Deacon was initially unhappy that the parts he designed on the computer did not sound the way he wanted them to. "When I first started working with the player piano, I would be frustrated by these imperfections because I was a maniac and I was like, 'But it's a machine. It should be perfect,' " he says.
Over course of making the album, however, he learned to accept that kind of imperfection, and to see it as a strength of using the player piano.

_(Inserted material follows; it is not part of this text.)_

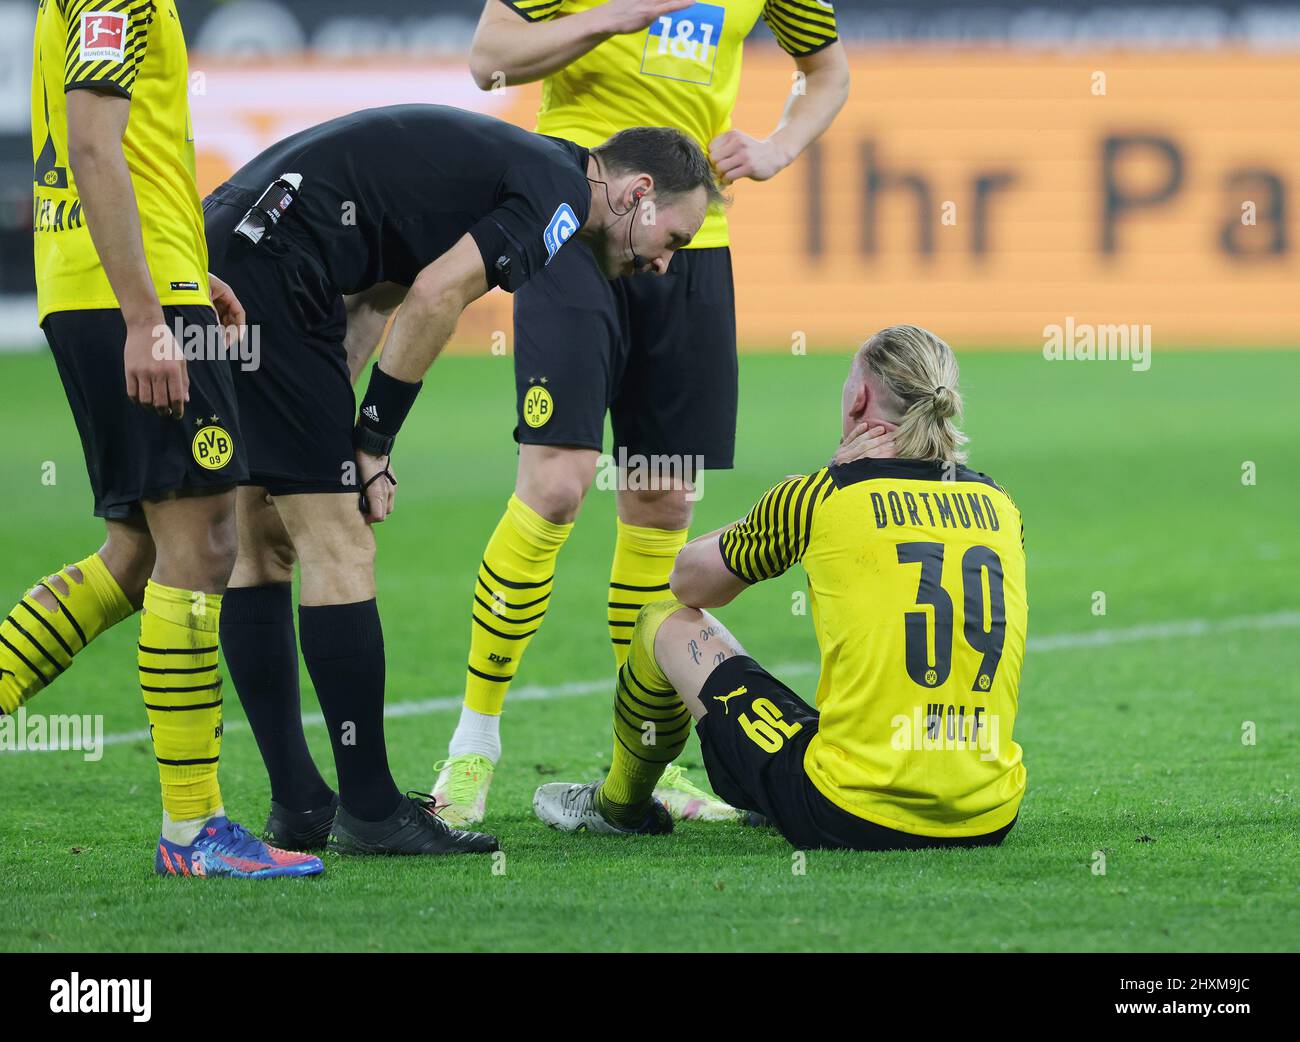 Borussia dortmund gegen arminia bielefeld -Fotos und -Bildmaterial in hoher  Auflösung – Alamy

"That's what makes the instrument beautiful," Deacon says. "Everything has limitations and everything has its quirks, and those quirks are what create character."
In the end, acceptance — of his instrument's limits and his own — was what all the meditation, the therapy, the weeping birch, the spirit of Brian Eno were pushing him toward, and it wound up being a central theme of the album.
In Deacon's own words, finishing the album was like making a feast for a big crowd.
"You can hold dinner for a little bit, but at some point it has to go out on the table, and I started thinking about it like that," he says. "There's things that in five years I will be better at, but I'm not in five years. I'm the me of now. And I need to make this record, that reflects this now."